- **MATERIAL SHOWN**:
------------------------------
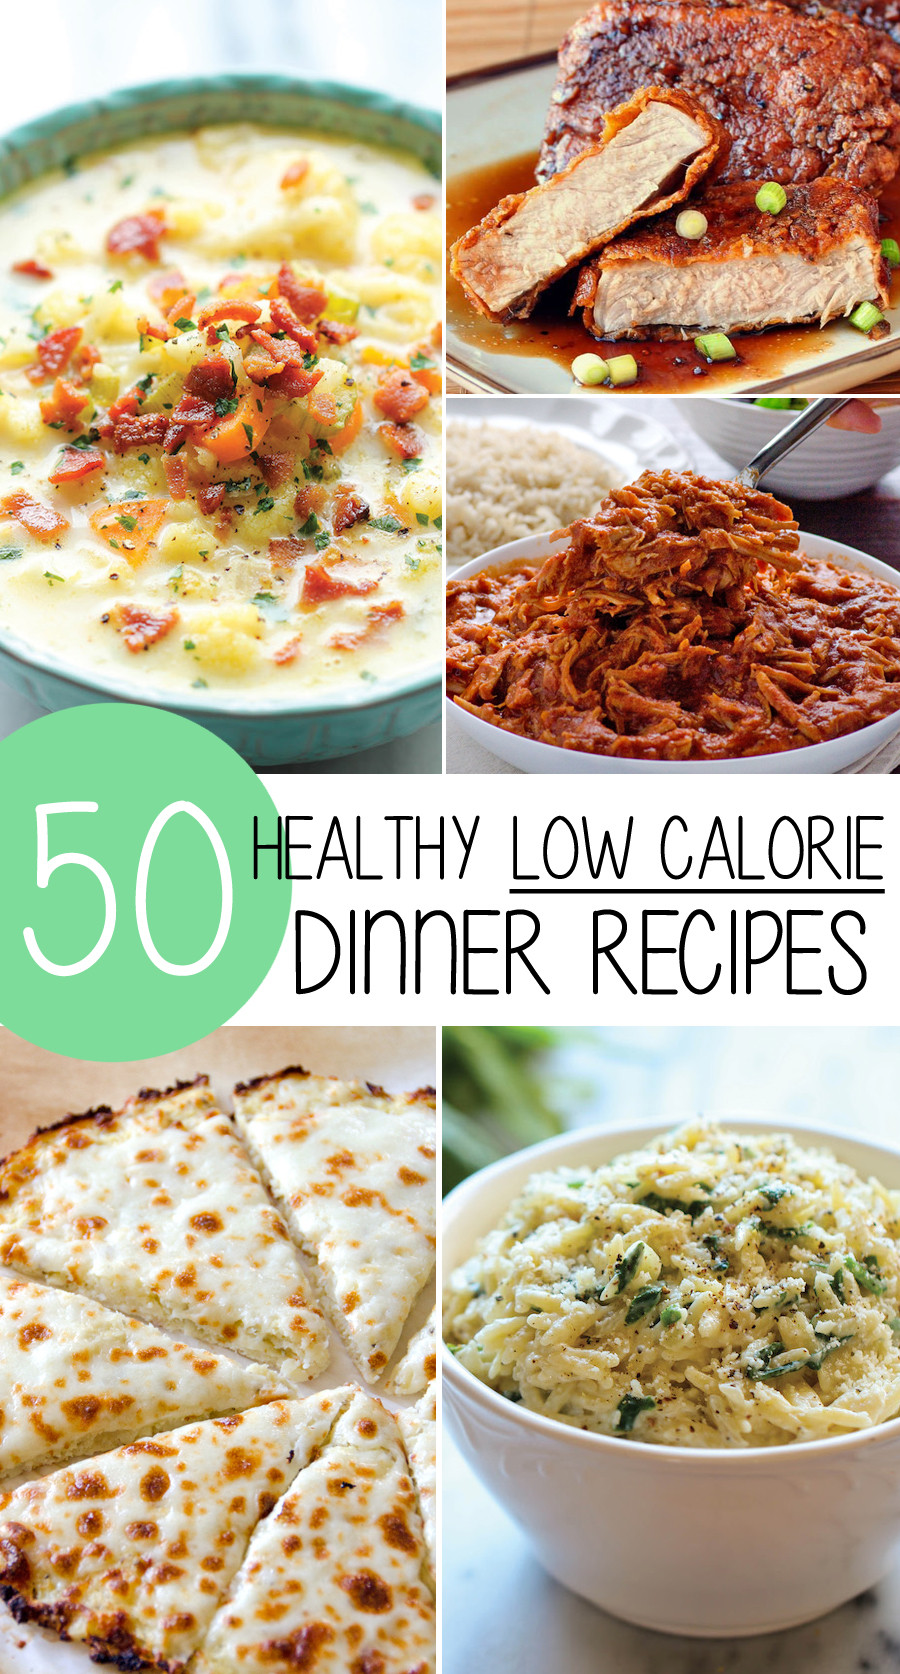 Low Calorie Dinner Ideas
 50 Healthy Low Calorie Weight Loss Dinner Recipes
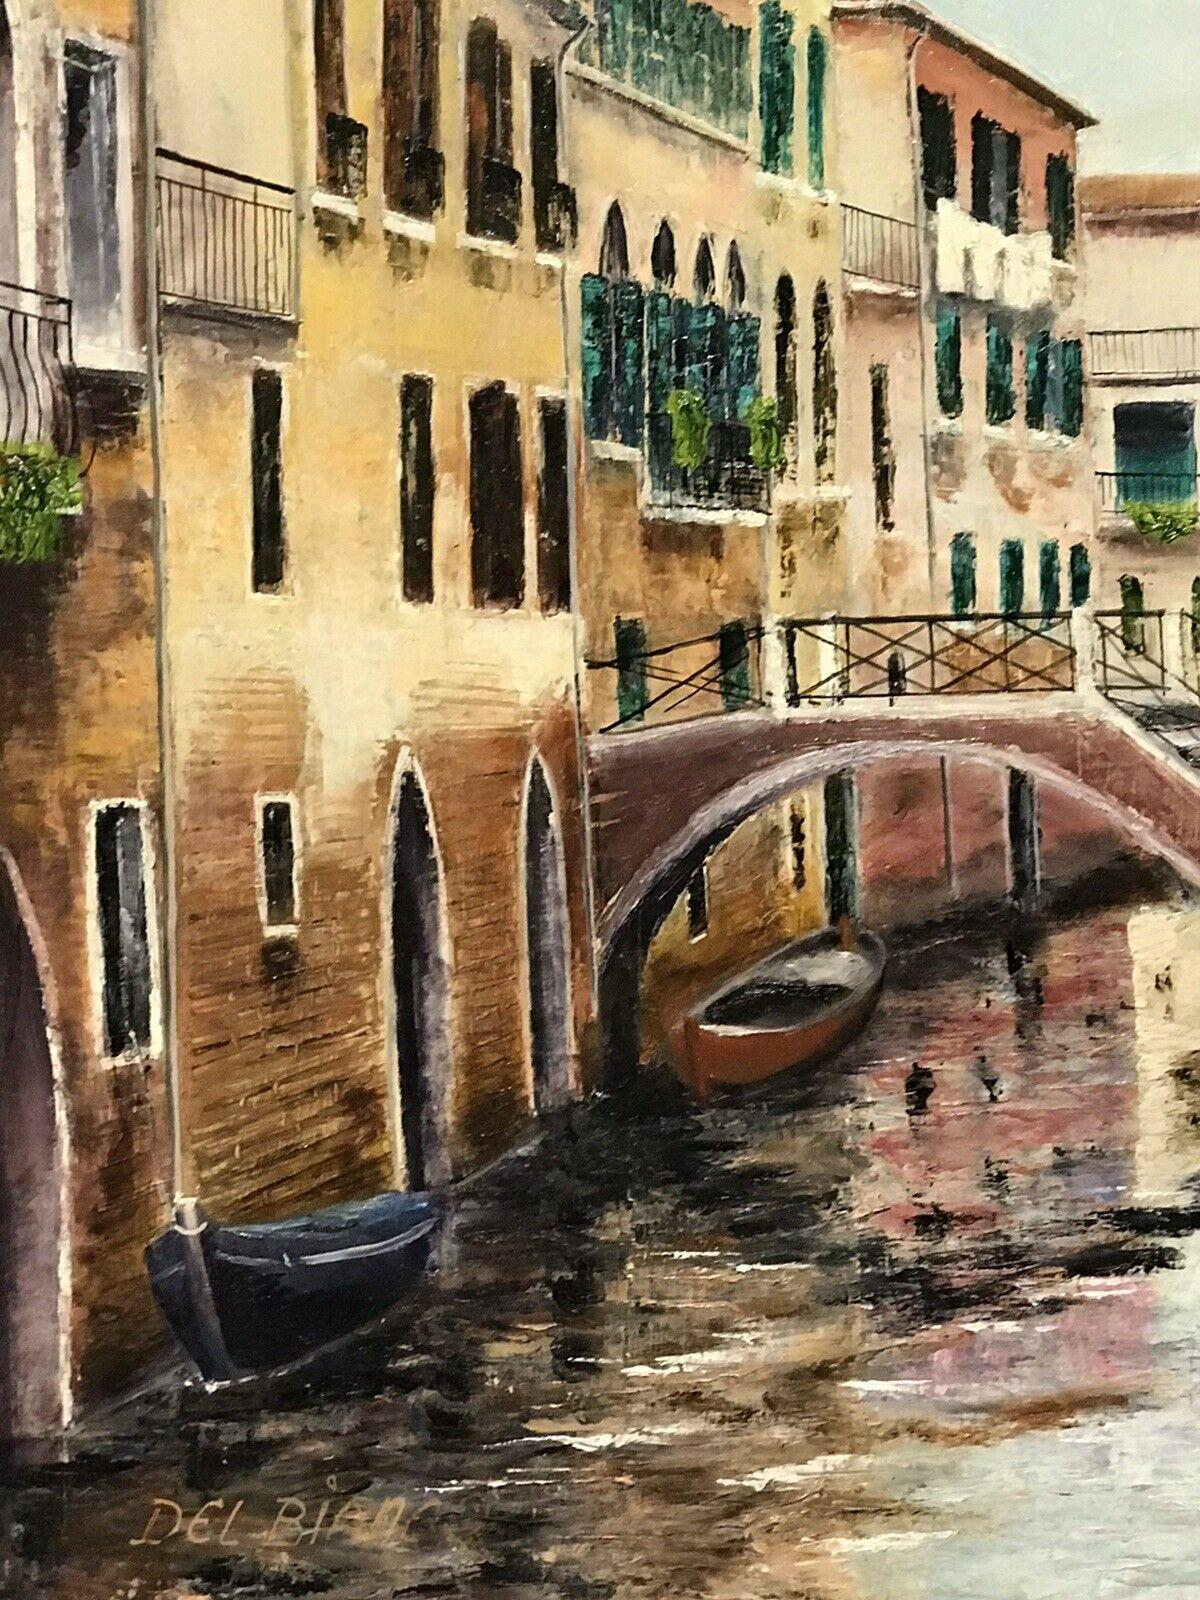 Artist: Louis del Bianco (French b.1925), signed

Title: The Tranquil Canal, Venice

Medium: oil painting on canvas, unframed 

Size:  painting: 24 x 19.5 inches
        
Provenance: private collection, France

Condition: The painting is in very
------------------------------
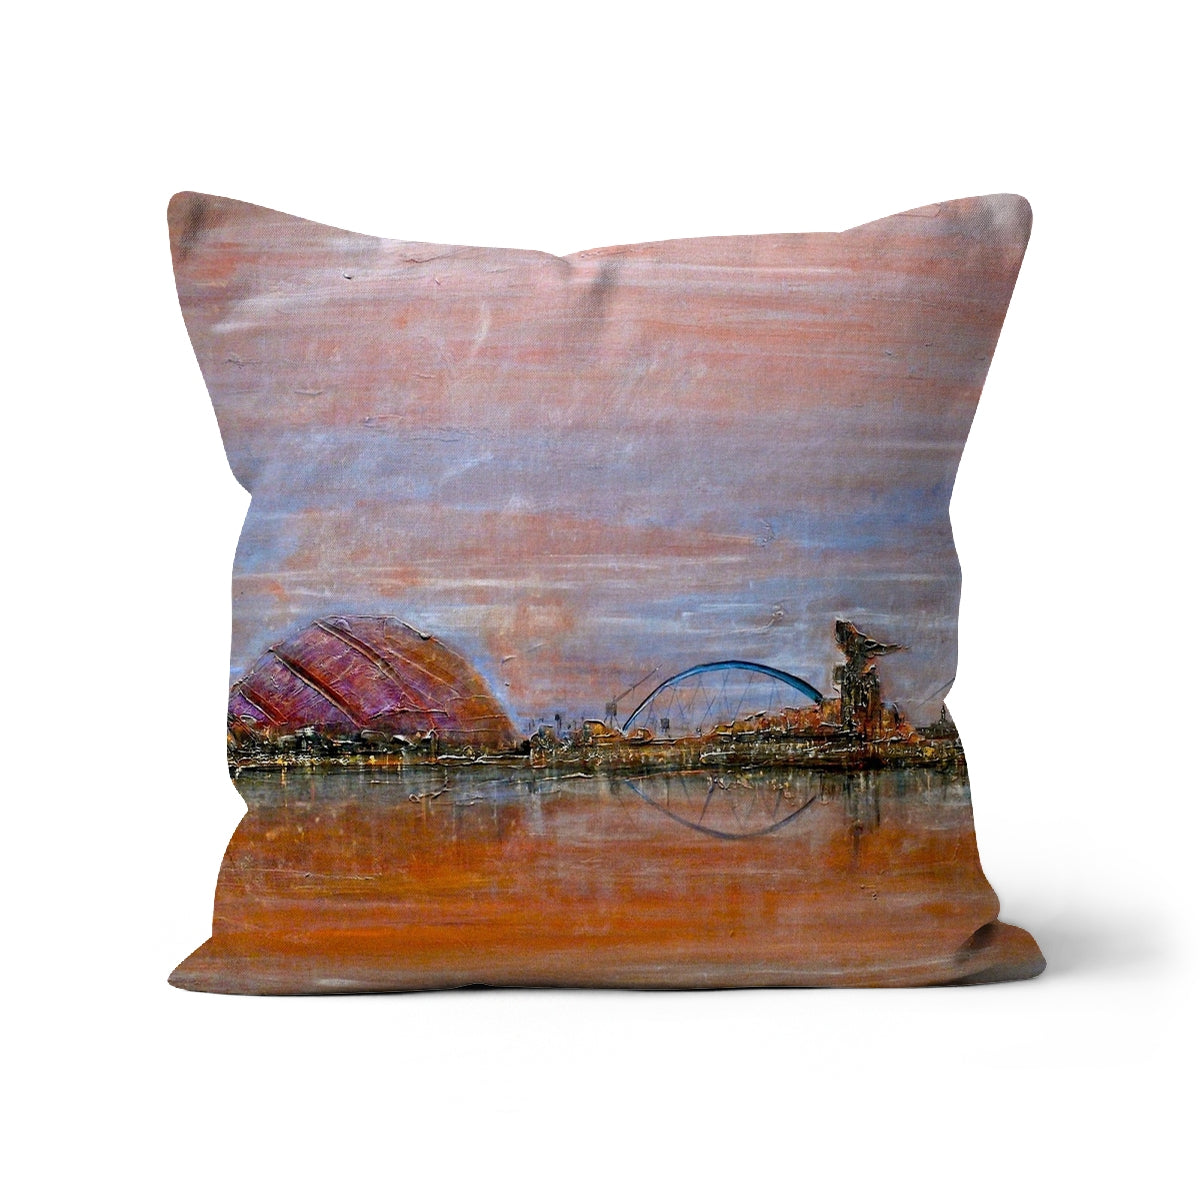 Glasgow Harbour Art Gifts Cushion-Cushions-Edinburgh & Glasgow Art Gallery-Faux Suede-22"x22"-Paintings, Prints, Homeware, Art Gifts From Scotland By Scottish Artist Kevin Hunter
------------------------------
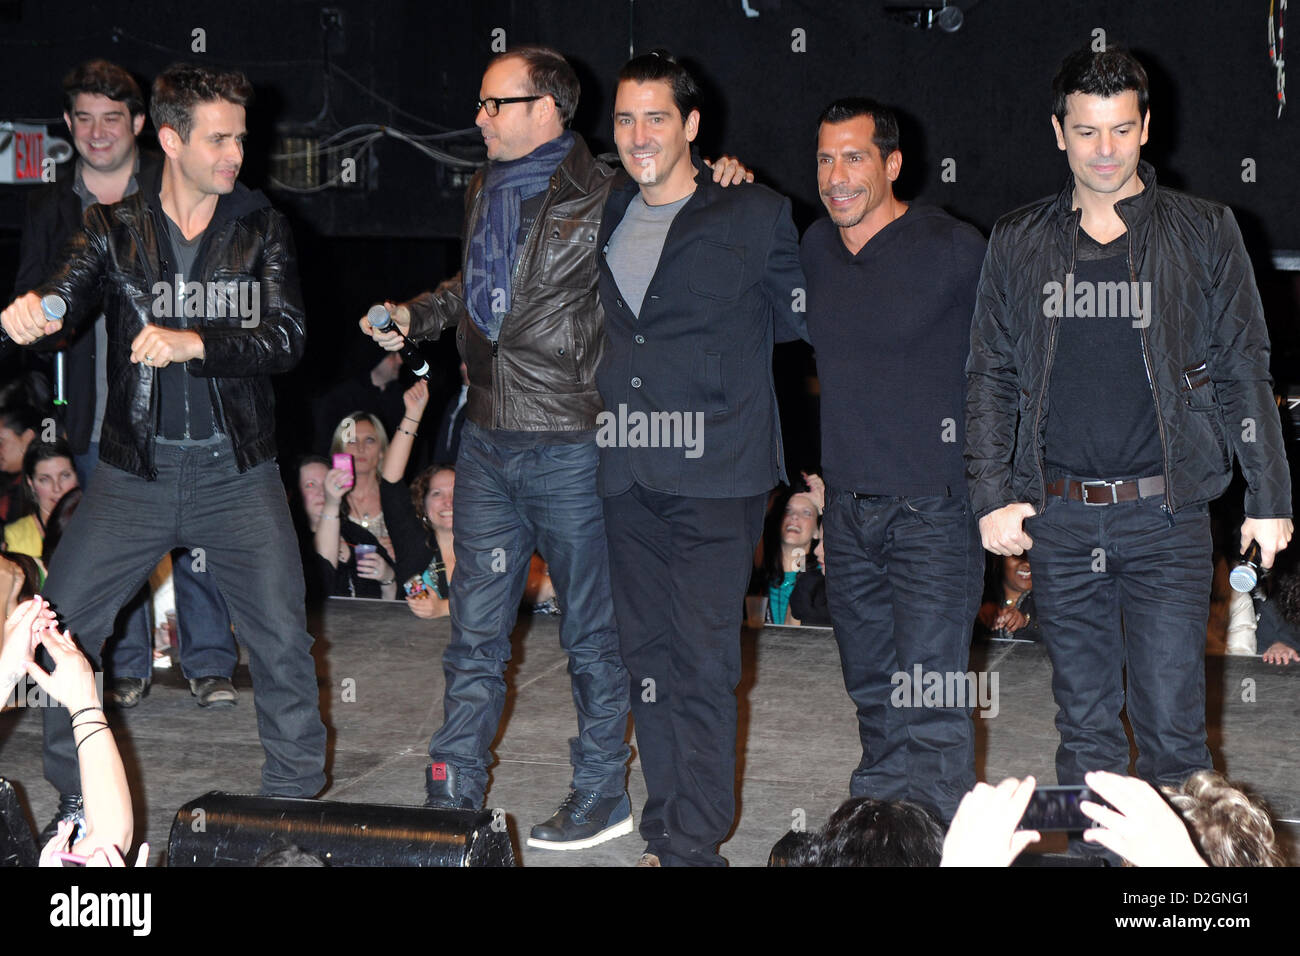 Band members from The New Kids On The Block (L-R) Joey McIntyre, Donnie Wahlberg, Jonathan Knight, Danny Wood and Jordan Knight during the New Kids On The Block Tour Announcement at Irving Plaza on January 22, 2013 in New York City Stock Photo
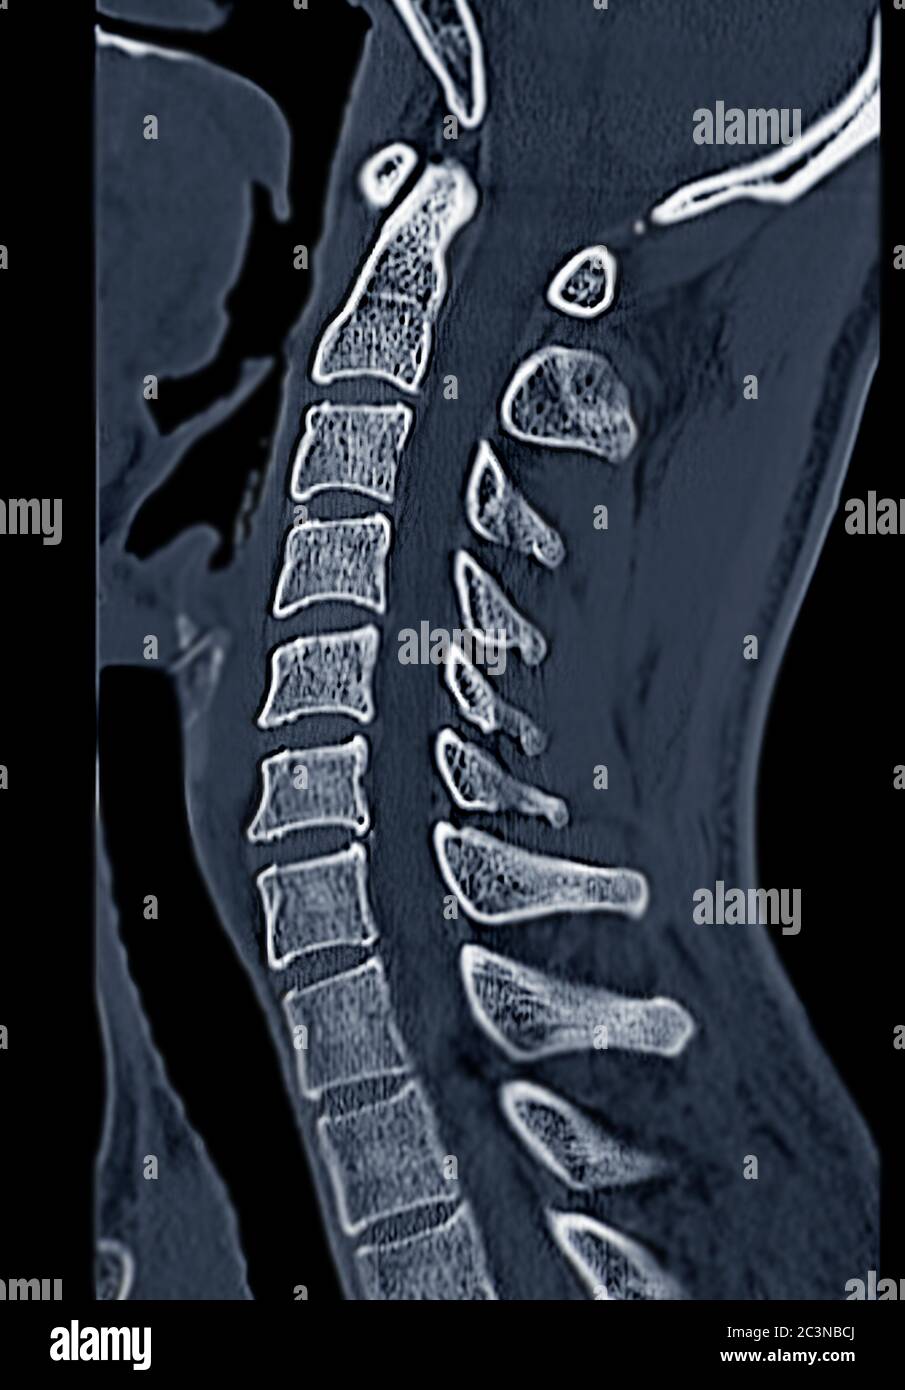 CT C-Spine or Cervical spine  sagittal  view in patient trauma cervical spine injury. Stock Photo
------------------------------
- **PROBLEM**:
If a picture sits between the line containing "Low Calorie Dinner Ideas" and the line containing "Condition: The painting is in very", leave it out, and return the lines of that range above exactly, both ends included.

- **ANSWER TO THE EXERCISE**:
 Low Calorie Dinner Ideas
 50 Healthy Low Calorie Weight Loss Dinner Recipes
 Artist: Louis del Bianco (French b.1925), signed

Title: The Tranquil Canal, Venice

Medium: oil painting on canvas, unframed 

Size:  painting: 24 x 19.5 inches
        
Provenance: private collection, France

Condition: The painting is in very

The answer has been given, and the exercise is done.